Adiponectin, change in adiponectin, and progression to diabetes in the Diabetes Prevention Program

Abstract

Objective: To determine whether baseline adiponectin levels or intervention-associated change in adiponectin levels were independently associated with progression to diabetes in the Diabetes Prevention Program (DPP).

Research design and methods: Cox proportional hazards analysis was used to evaluate the contribution of adiponectin and treatment-related change in adiponectin to risk of progression to diabetes.

Results: Baseline adiponectin was a strong independent predictor of incident diabetes in all treatment groups (hazard ratio per approximately 3 microg/ml higher level; 0.61 in the lifestyle, 0.76 in the metformin, and the 0.79 in placebo groups; all P < 0.001, P = 0.13 comparing groups). Baseline differences in adiponectin between sexes and race/ethnicity groups were not reflected in differences in diabetes risk. DPP interventions increased adiponectin levels ([means +/- SE] 0.83 +/- 0.05 microg/ml in the lifestyle group, 0.23 +/- 0.05 microg/ml in the metformin group, and 0.10 +/- 0.05 microg/ml in the placebo group; P < 0.001 for increases versus baseline, P < 0.01 comparing groups). These increases were associated with reductions in diabetes incidence independent of baseline adiponectin levels in the lifestyle and placebo groups but not in the metformin subjects (hazard ratio 0.72 in the lifestyle group (P < 0.001), 0.92 in the metformin group (P = 0.18), and 0.89 in the placebo group; P = 0.02 per approximately 1 microg/ml increase, P = 0.02 comparing groups). In the lifestyle group, adjusting for change in weight reduced, but did not remove, the effect of increased adiponectin.
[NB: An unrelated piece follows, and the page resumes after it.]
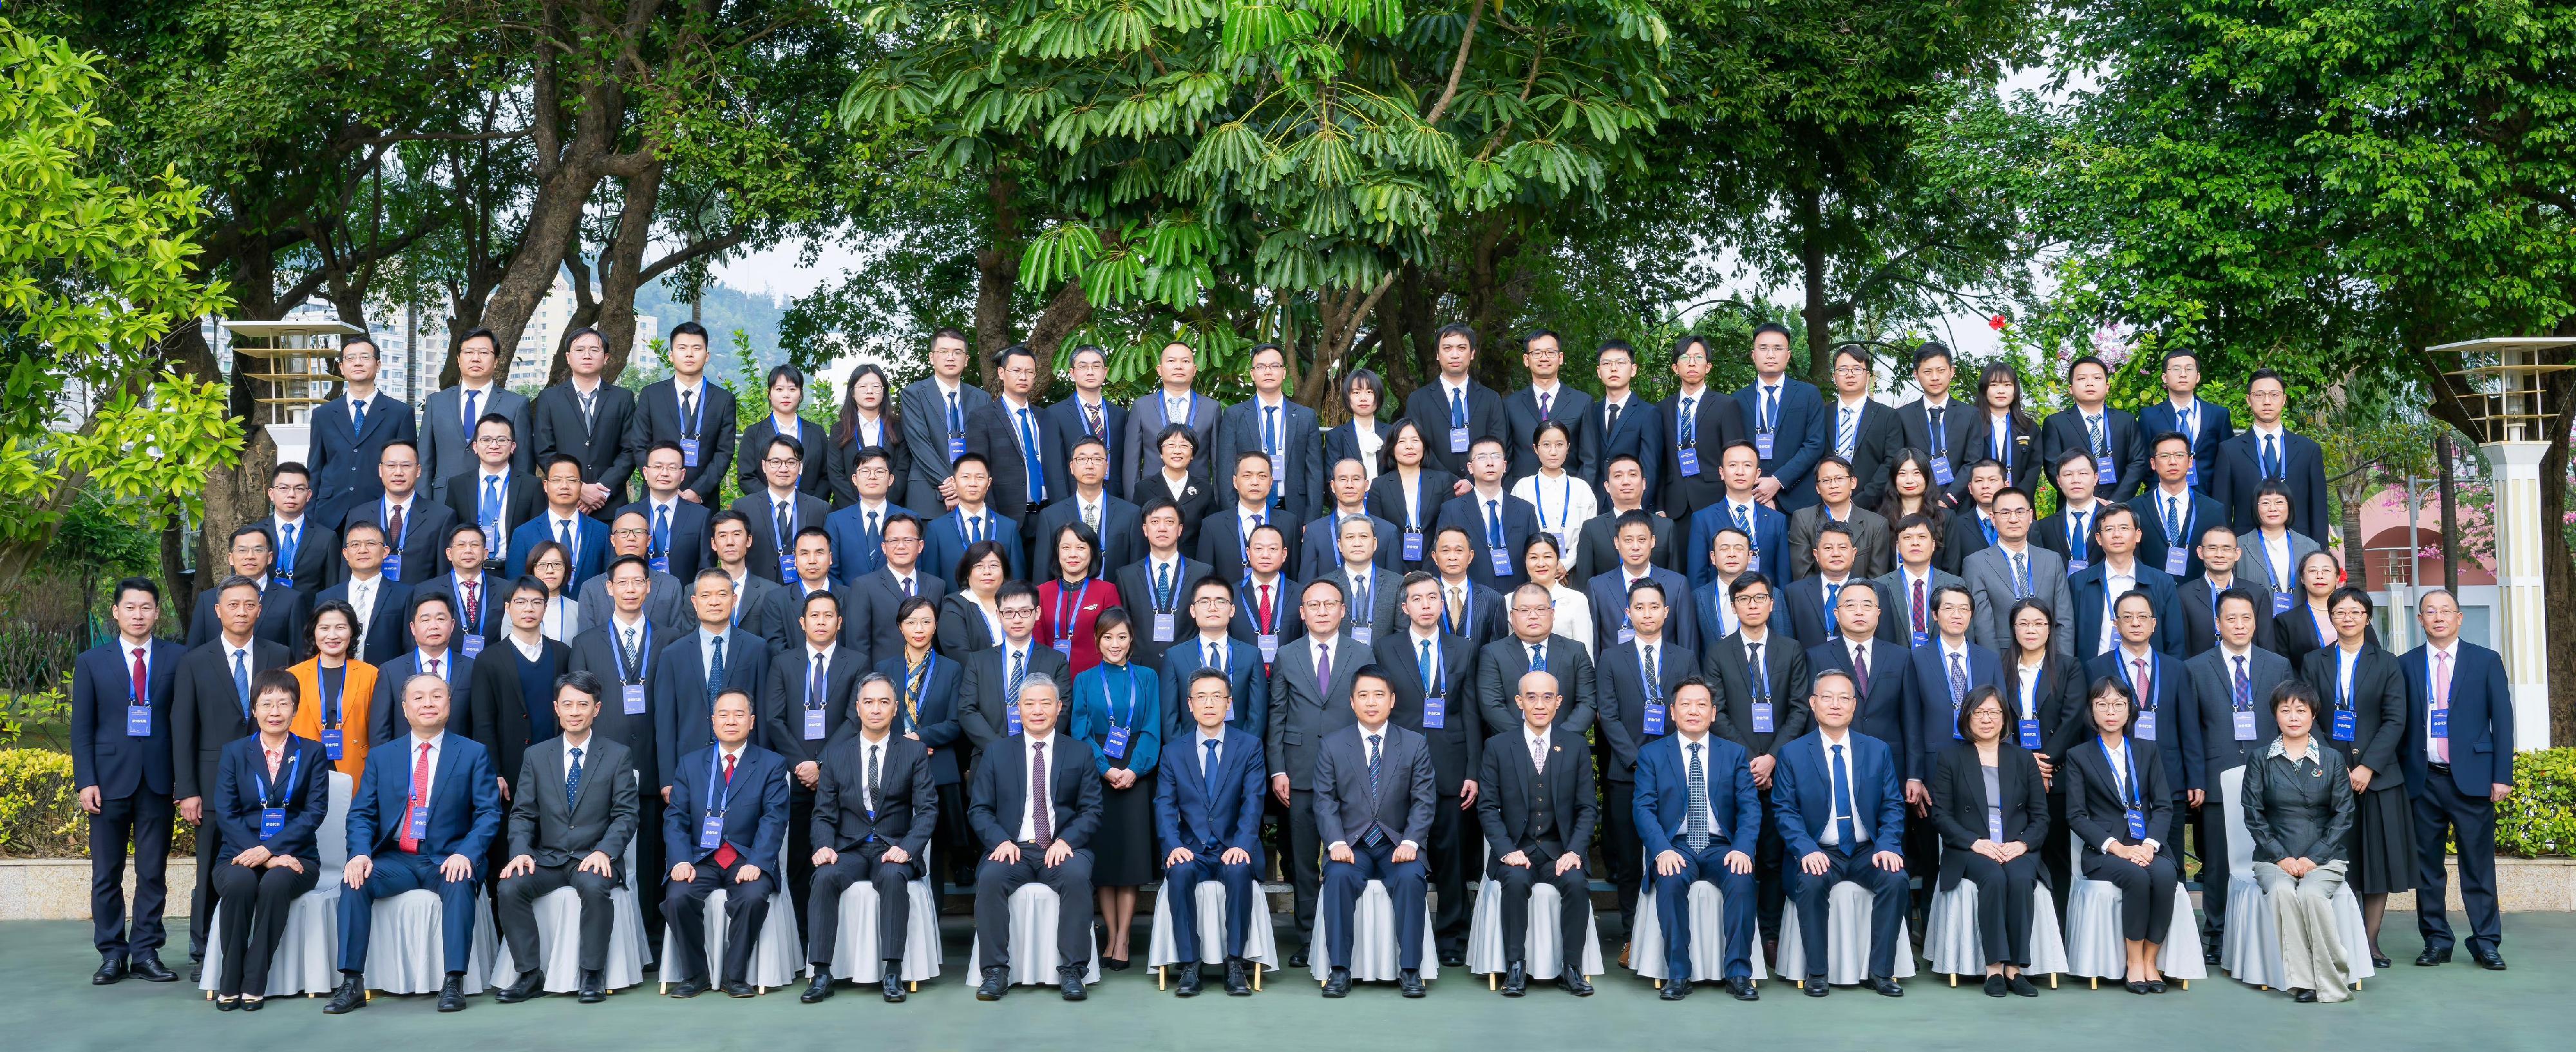 The Director of Audit, Professor Nelson Lam, led a delegation of Audit Commission officers to Zhuhai to attend the 7th Guangdong-Hong Kong-Macao Audit Conference 2023 held December 6 to 8. The Director of Hong Kong, Macao and Taiwan Offices of the National Audit Office, Mr Jiang Haiying (first row, seventh left); Deputy Secretary of the Communist Party of China Zhuhai Municipal Committee and the Mayor of the Zhuhai Municipal Government, Mr Huang Zhihao (first row, seventh right); the Secretary of the Leading Party Members’ Group and Director of the Audit Office of Guangdong Province, Mr Ma Xuebin (first row, sixth left); the Commissioner of Audit of Macao Special Administrative Region, Mr Ho Veng-on (first row, fifth left); Deputy Director General of the Hong Kong and Macao Affairs Office of the People's Government of Guangdong Province Mr Huang Duanlian (first row, fifth right); and Professor Lam (first row, sixth right), gather with members of the auditing profession.

Conclusions: Adiponectin is a powerful marker of diabetes risk in subjects at high risk for diabetes, even after adjustment for weight. An increase in adiponectin in the lifestyle and placebo groups was associated with a reduction in diabetes risk. However, these changes in adiponectin were comparatively small and less strongly related to diabetes outcome than baseline adiponectin levels.

FIG. 1

Box-and-whisker plot showing the distribution of adiponectin at baseline by sex and self-described race/ethnicity. The box indicates the 25th through 75th percentile of the distribution, the whiskers show the 10th to 90th percentiles, the large dot shows the mean, and the line dissecting the box shows the median. Women had significantly higher levels of baseline adiponectin within each race/ethnic group (P < 0.00001), and white participants had significantly higher baseline adiponectin than all other race/ethnicity groups (P < 0.00001).

FIG. 2

Diabetes hazard rates and baseline adiponectin adjusted for sex, age, race/ethnicity, and baseline weight (Table 2, model 2). Cox proportional hazards models were used to estimate the risk of developing diabetes. Estimates of the absolute risk gradient associated with a given value of baseline adiponectin and adiponectin change using the range of values (5th to 95th percentiles) were used to describe the hazard rate for a participant with a value equal to the group mean. The point on each line indicates the estimated hazard rate for a subject with a value equal to the mean value for the group as estimated in the life table analysis.

FIG. 3

Change in adiponectin by treatment group. Unadjusted values are presented. Bars represent means ± SE for change in adiponectin over 1 year of treatment. ■, men; □, women.

FIG. 4

Diabetes hazard rates and change in adiponectin (Table 2, model 4). Cox proportional hazards models were used to estimate the risk of developing diabetes. Estimates of the absolute risk gradient associated with a given value of baseline adiponectin and adiponectin change using the range of values (5th to 95th percentiles) were used to describe the hazard rate for a participant with a value equal to the group mean. The point on each line indicates the estimated hazard rate for a subject with a value equal to the mean value for the group as estimated in the life table analysis.